= Titular ruler =

Official leader with few powers

A titular ruler, or titular head, is a person in an official position of leadership who possesses few, if any, actual powers. Sometimes a person may inhabit a position of titular leadership and yet exercise more power than would normally be expected, as a result of their personality or experience. A titular ruler is not confined to political leadership but can also reference any organization, such as a corporation.
==Etymology==
Titular is formed from a combination of the Latin titulus (title) and the English suffix -ar, which means "of or belonging to."

==Usage==
In most parliamentary democracies nowadays, the head of state has either evolved into, or was created as, a position of titular leadership. In the former case, the leader may often have significant powers listed within the state's constitution but is no longer able to exercise them because of historical changes within that country. In the latter case, it is often made clear within the document that the leader is intended to be powerless.

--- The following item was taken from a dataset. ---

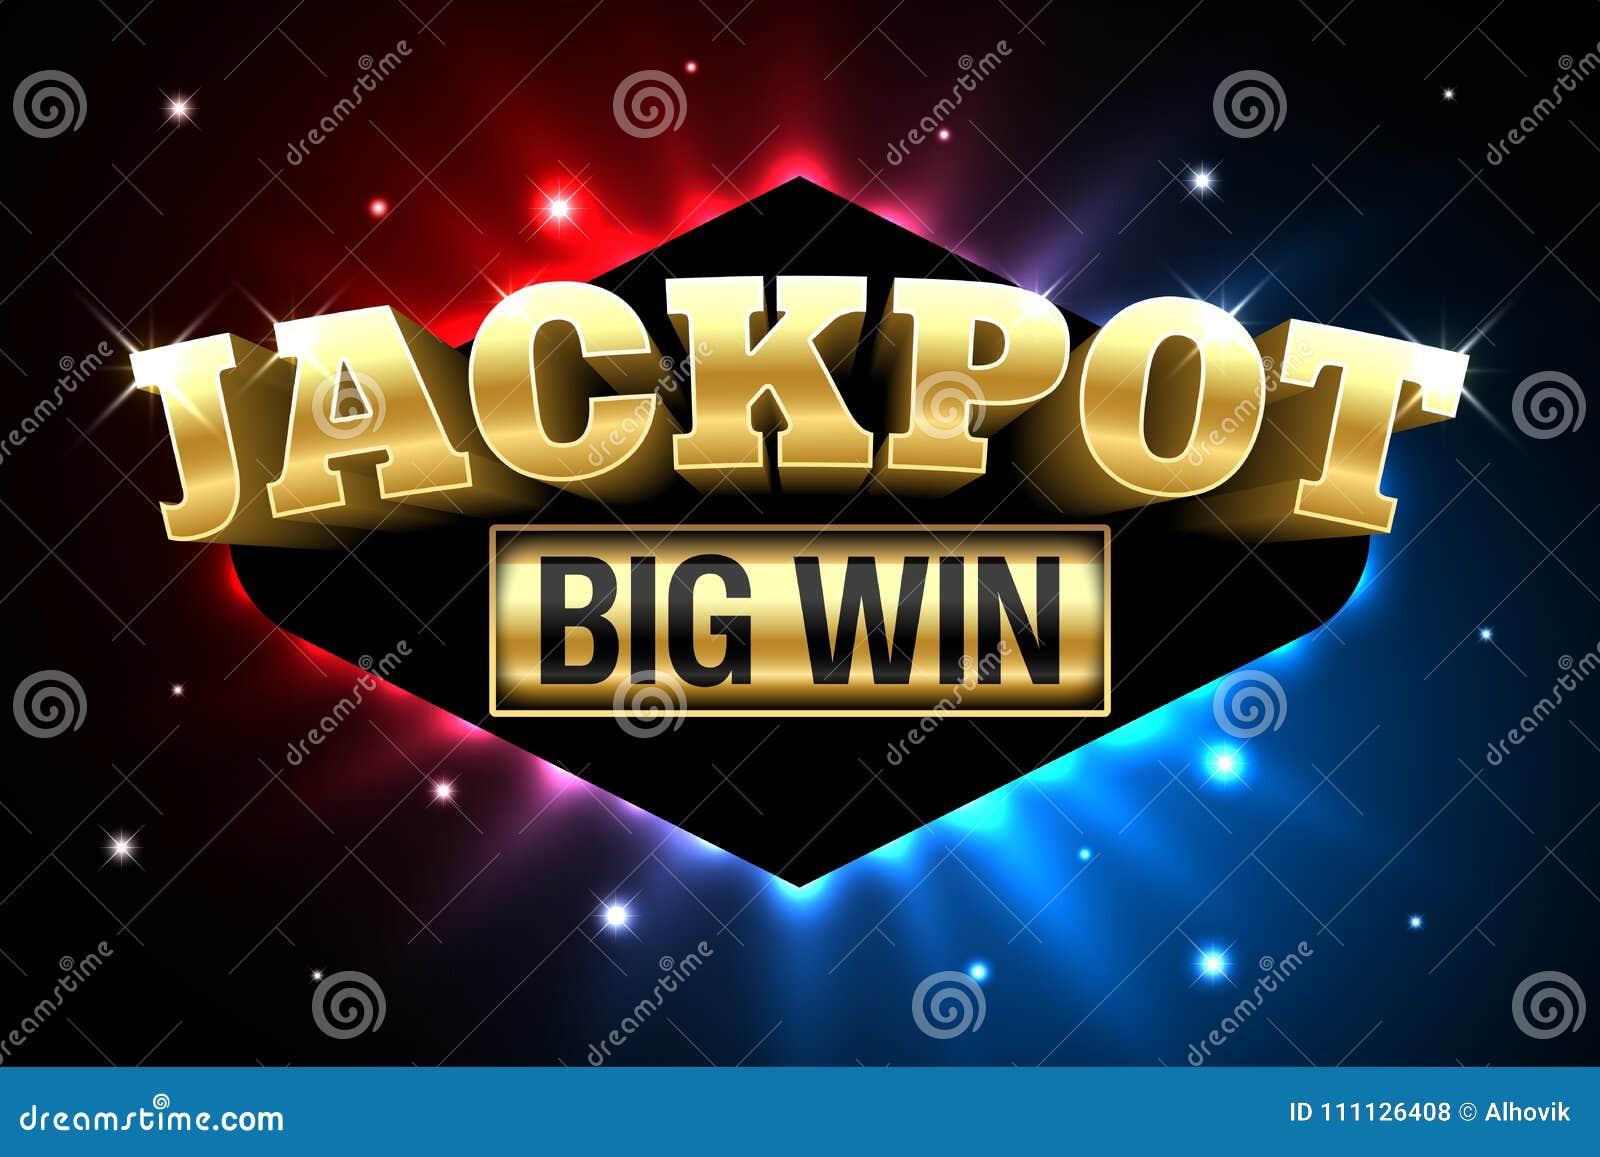 Jackpot Casino Banner Big Win Stock Vector Illustration Of

Heads of state who inhabit positions of titular leadership are usually regarded as symbols of the people they "lead."

===Examples===
- Napoleon II was briefly titular Emperor of the French after his father's second abdication in 1815.
- Emperor Shōwa of Japan remained as a titular ruler after the Japanese surrender in World War II.
- The presidents of both Israel and Ireland have largely ceremonial duties and are regarded as titular leaders.
- The President of China alone is largely ceremonial with limited power, when not simultaneously holding the General Secretary of the Chinese Communist Party position.

==Not to be confused with "eponym"==
A common confusion is with the word and concept eponym. This means that an institution, object, location, artefact, etc., takes its name or title from the particular person. For example, Simon Bolivar is not the titular ruler of the Bolivarian Republic of Venezuela but its eponym.